THE EFFECT OF WIND ON TREE STEM PARAMETER ESTIMATION USING TERRESTRIAL LASER SCANNING
- 1School of Engineering, Aalto University, Centre of Excellence in Laser Scanning Research (CoE-LaSR), Finland
- 2Finnish Geospatial Research Institute (FGI), Centre of Excellence in Laser Scanning Research (CoE-LaSR), Finland
- 3Built Environment Hubic, Helsinki Metropolia University of Applied Sciences, Finland
Keywords: Terrestrial Laser Scanning, Wind, Tree Reconstruction, Stem Diameter, Stem Location, Pine
Abstract. The 3D measurement technique of terrestrial laser scanning (TLS) in forest inventories has shown great potential for improving the accuracy and efficiency of both individual tree and plot level data collection.
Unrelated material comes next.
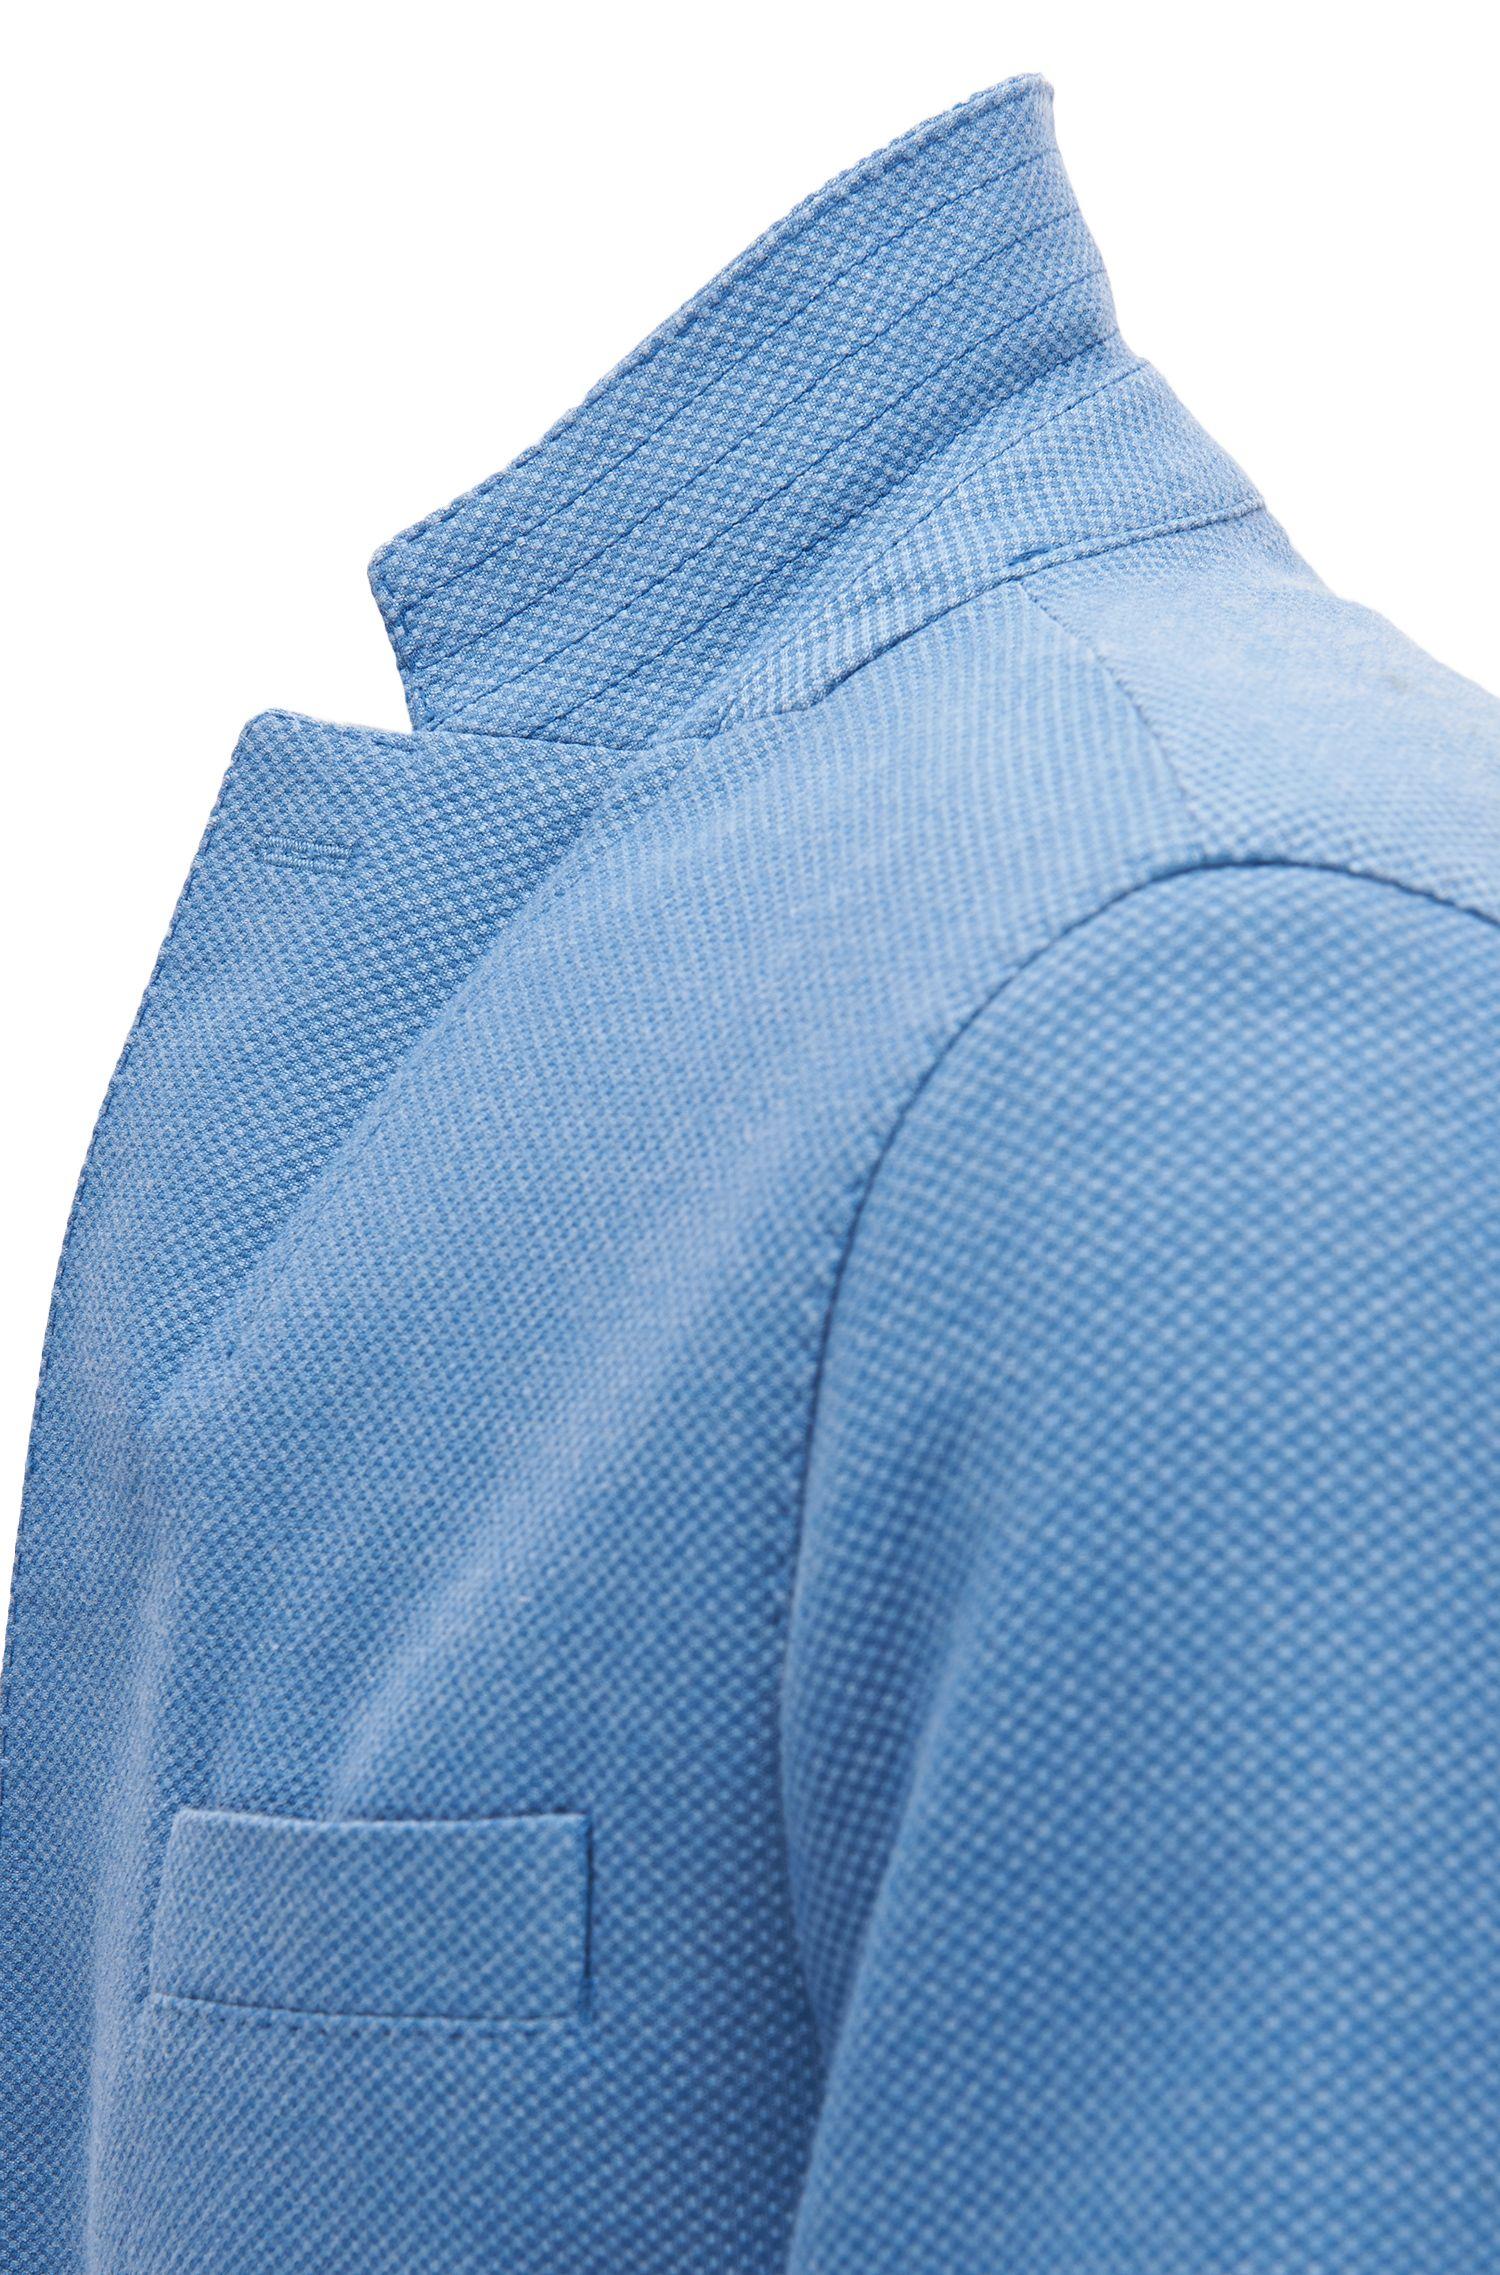 Birdseye Cotton Blend Sport Coat | Niells D, Open Blue

However, the effect of wind has been poorly estimated in the error analysis of TLS tree measurements although it causes varying deformations to the trees. In this paper, we evaluated the effect of wind on tree stem parameter estimation at different heights using TLS. The data consists of one measured Scots pine captured from three different scanning directions with two different scanning resolutions, 6.3 mm and 3.1 mm at 10 m. The measurements were conducted under two different wind speeds, approximately 3 m/s and 9 m/s, as recorded by a nearby weather station of the Finnish Meteorological Institute. Our results show that the wind may cause both the underestimation and overestimation of tree diameter when using TLS. The duration of the scanning is found to have an impact for the measured shape of the tree stem under 9 m/s wind conditions. The results also indicate that a 9 m/s wind does not have a significant effect on the stem parameters of the lower part of a tree (<28% of the tree height). However, as the results imply, the wind conditions should be taken into account more comprehensively in analysis of TLS tree measurements, especially if multiple scans from different positions are registered together. In addition, TLS could potentially be applied to indirectly measure wind speed by observing the tree stem movement.